In how many distinct ways can three purple and two pink balls be arranged in a row?
I think you guys can figure it out pretty easily... but I'm too stupid to so help :P!
Six.
P = purple
I = pink
PIPIP
PIPPI
PIIPP
IPPPI
IPPIP
IIPPP
Incidentally, there's an easier way than thinking about every combination. Multiply the two numbers.
What about PPIPI, PIIPP, PPIIP, etc?
deadly got owned.
Incidentally, Ergot, PIIPP was included. Also, PPIIP is simply PIIPP backwards, but I don't know if you want those or not.
I think the formula deadly gave is the "I have X pairs of pants and Y shirts. How many outfits can I make?" formula. Going by that, we assume the days he's wearing shirts he won't wear pants, and vise versa. Sure, Ergot would like that, but..
10, I think? That includes ones that are backwards-versions of other ones:
PPPII
PPIPI
PIPPI
IPPPI
PPIIP
PIPIP
IPPIP
PIIPP
IPIPP
IIPPP
That's a combination or permutation or some shit like that. :(
It's ten. The algebraic way of doing this (combinations) is 5! / (3!2!). There are 5! permutations and you have to divide by 3! because there are 3! arrangements of three purple balls in a row and 2! arrangements of the whatever-color ball in a row and those produce non-distinct permutations.

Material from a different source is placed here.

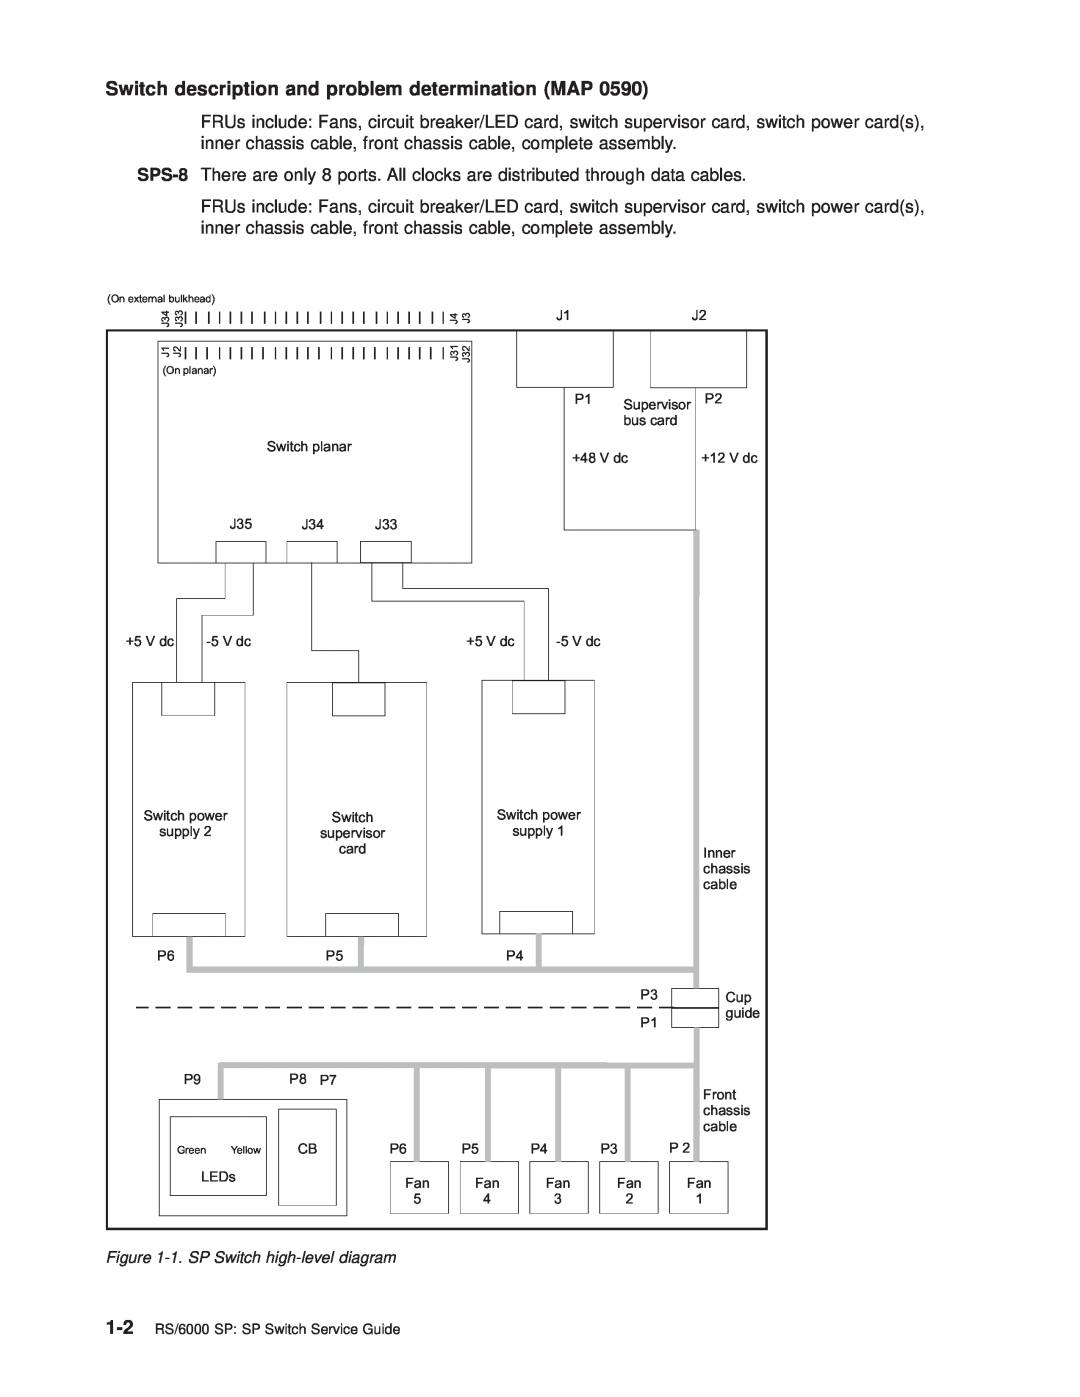 IBM RS/6000 SP manual Switch description and problem determination MAP, 1. SP Switch high-level diagram

Quote from: Ender on August 29, 2006, 11:40:13 PM
It's ten. The algebraic way of doing this (combinations) is 5! / (3!2!). There are 5! permutations and you have to divide by 3! because there are 3! arrangements of three purple balls in a row and 2! arrangements of the whatever-color ball in a row and those produce non-distinct permutations.
OMG YOU'RE SO SMART x_x! I never learned that in algebra :(.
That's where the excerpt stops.